И стремглав умчался в темный тоннель. Захарка с криком кинулся за ним, но железная лапа Крота рванула поводок, и Захар упал на землю.
Фигура с пыльными глазами
Сыщик понуро сидел на лавочке, сокрушенный своей неудачей. Что делать теперь, он не знал.

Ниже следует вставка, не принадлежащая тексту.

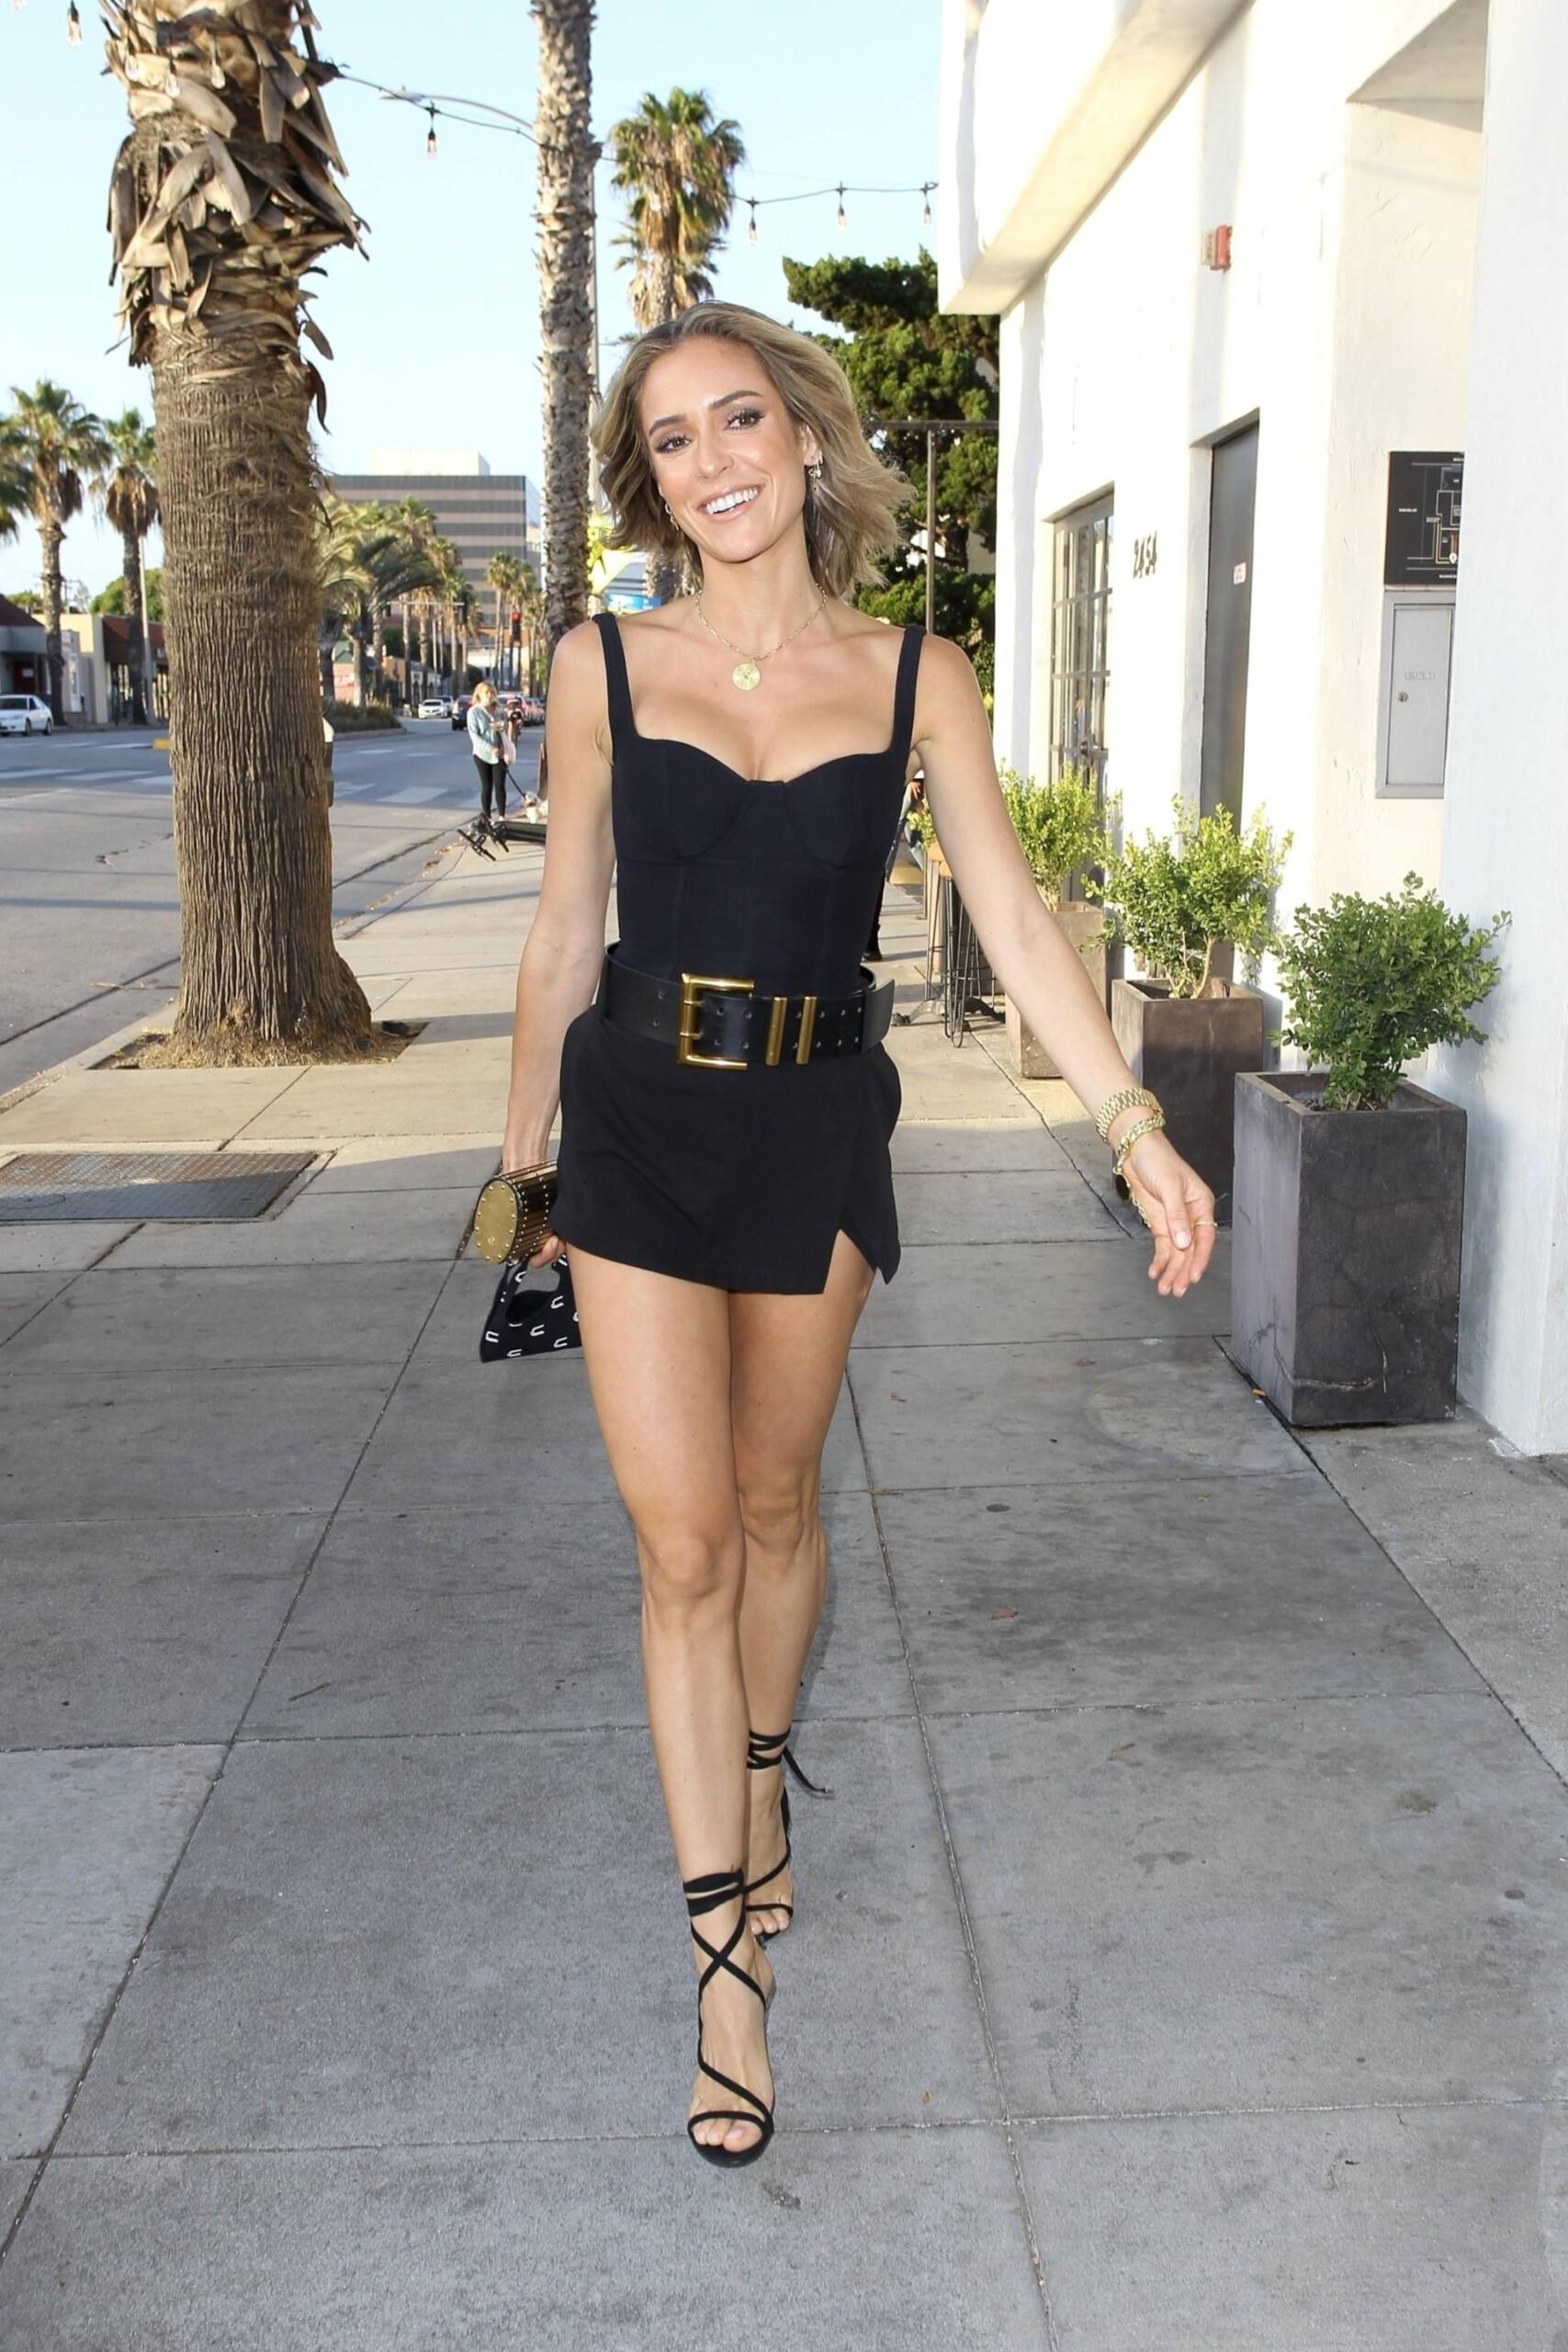 Kristin Cavallari – Sexy Legs And Beautiful Cleavage At Fia In Santa Monica 0008

Достал письмо и в который раз начал изучать его через лупу.
— Слышь, друг, — раздался откуда-то сверху голос, — ты, что ли, сыщик?
Шарик поднял глаза и увидел Воробья, сидевшего на пожарной лестнице.
— Ну, я сыщик.
— Это я написал, понял?
— Ты?
— Я, аче?
— Значит, ты — «неизвестный доброжелатель»?
— Не. Доброжелатель не я. А написал я. Понял?
— Не понял.
— Козел попросил, я написал. Он неграмотный.
— Зачем ты написал?
Воробей, шурша крыльями, перелетел на лавочку и сел рядом с Шариком.
— Ты что, тоже неграмотный? Для смеха, понял? Мне Козел грит: слышь, Николай! Николай — это я, понял? Слышь, грит, Николай, давай Муркиной письмо подбросим. Ты посмеешься, а я мыло заработаю. Ну, я согласился. Я страсть люблю посмеяться.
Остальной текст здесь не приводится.